───── PROVIDED DATA

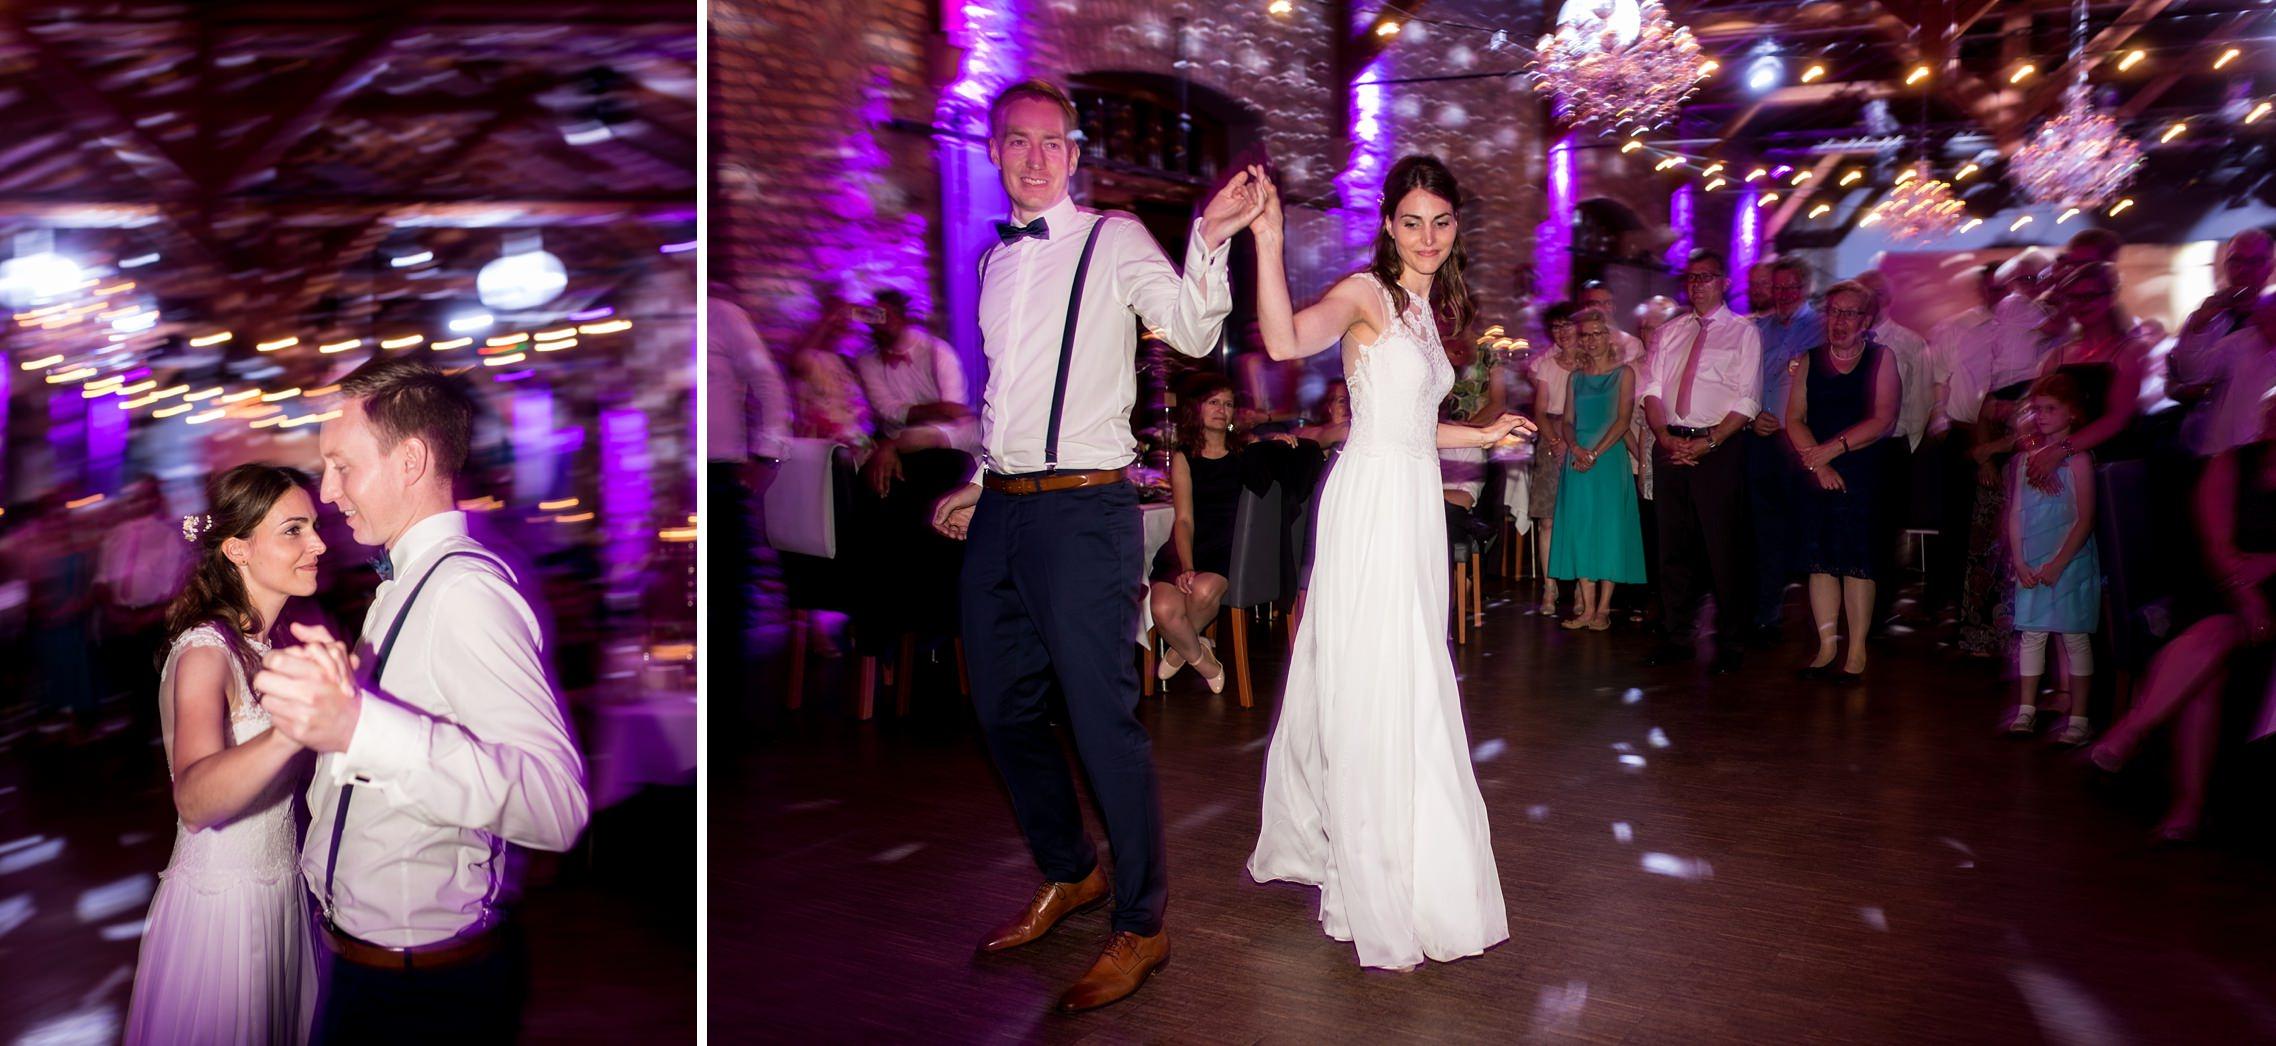 Aufnahmen des Hochzeitstanzes mit einer langen Belichtungszeit und Lichterspuren im Hintergrund.
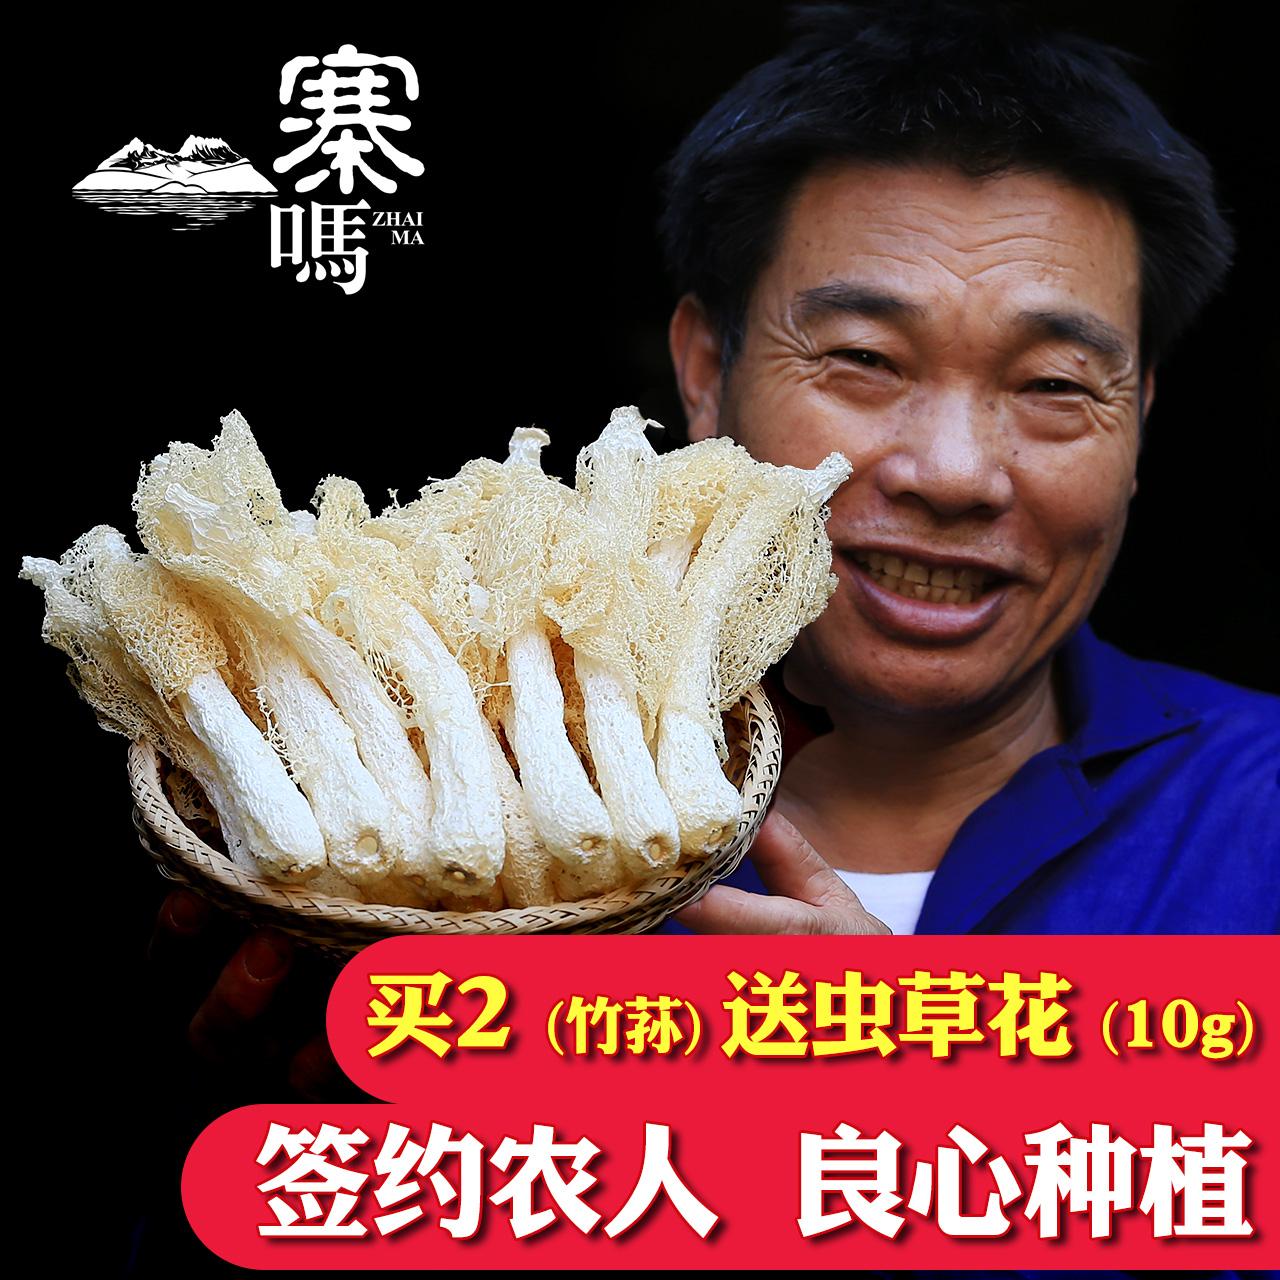 寨吗竹荪干货100g井冈山竹笙农家自种新鲜竹孙足荪菌菇特产非500g
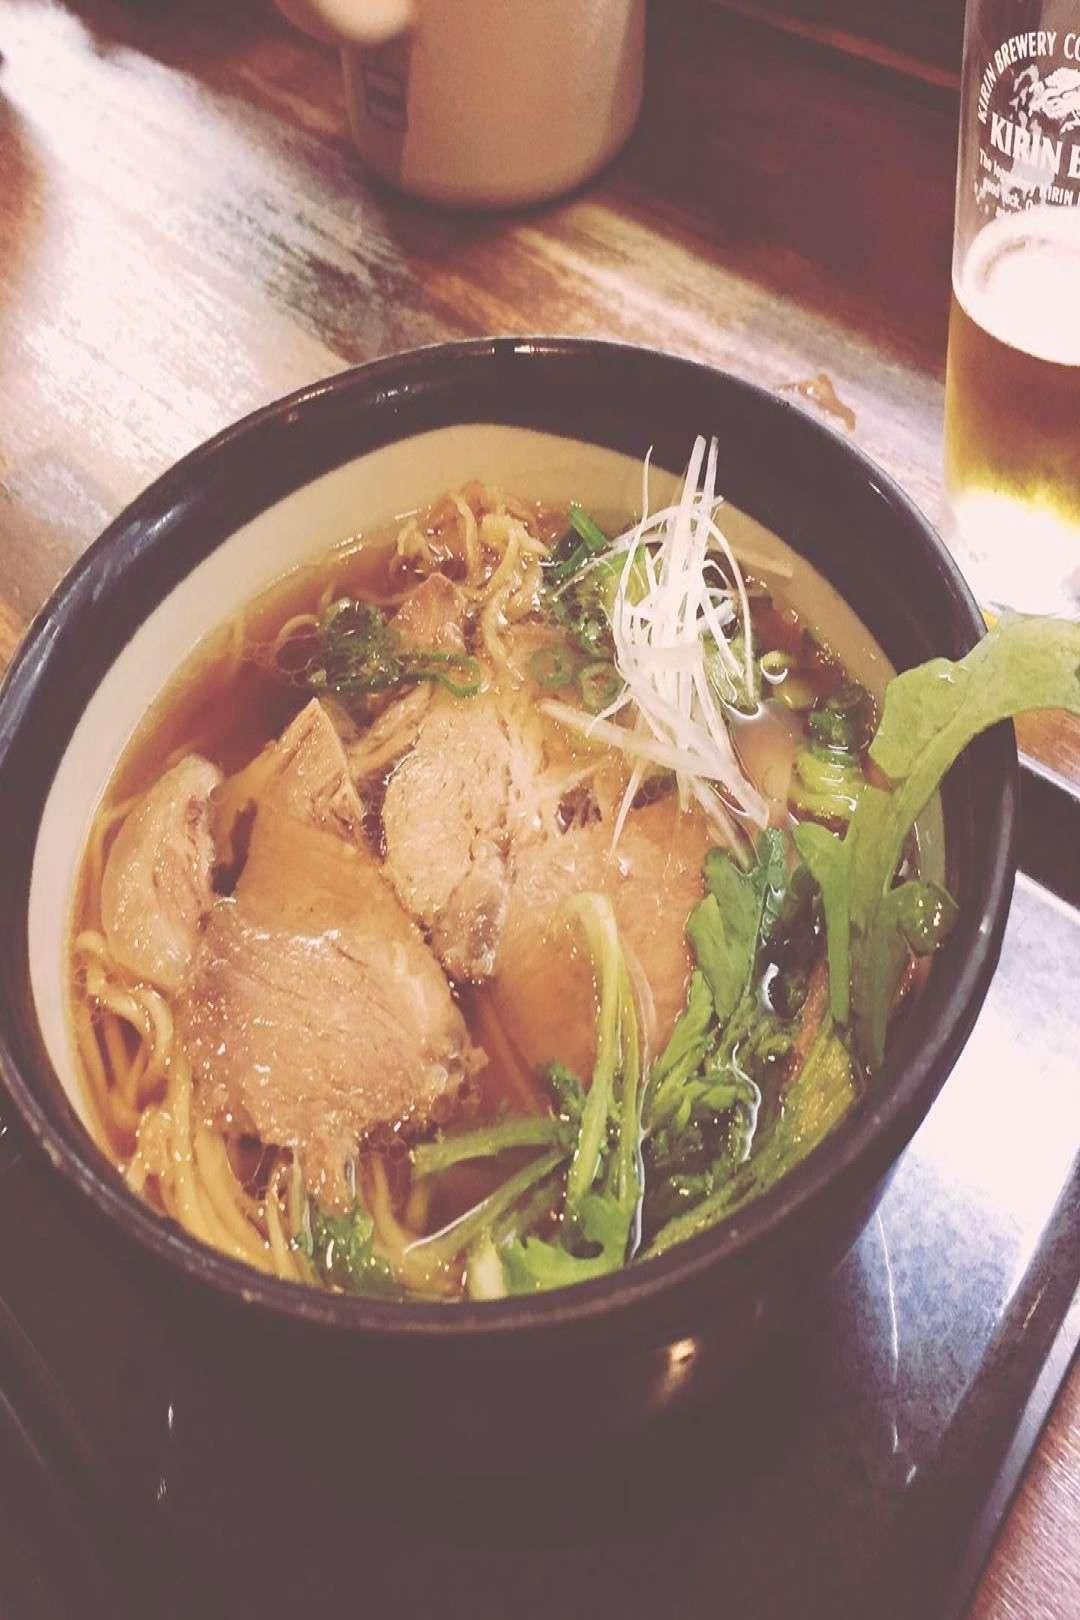 #japaneseramen #ramennoodles #ramen #food #麺乃家 #japaneseramen #ramen #ラーメン #ramennoodles #らYou can find Ramen noodles and more on our website.#麺乃家 #japaneseramen #ramen #ラーメン #ramennoodles #ら

──────────

- [ASSIGNED TASK]: Transcribe the material as is, with images omitted.

- [EXPECTED ANSWER]:
 Aufnahmen des Hochzeitstanzes mit einer langen Belichtungszeit und Lichterspuren im Hintergrund.
 寨吗竹荪干货100g井冈山竹笙农家自种新鲜竹孙足荪菌菇特产非500g
 #japaneseramen #ramennoodles #ramen #food #麺乃家 #japaneseramen #ramen #ラーメン #ramennoodles #らYou can find Ramen noodles and more on our website.#麺乃家 #japaneseramen #ramen #ラーメン #ramennoodles #ら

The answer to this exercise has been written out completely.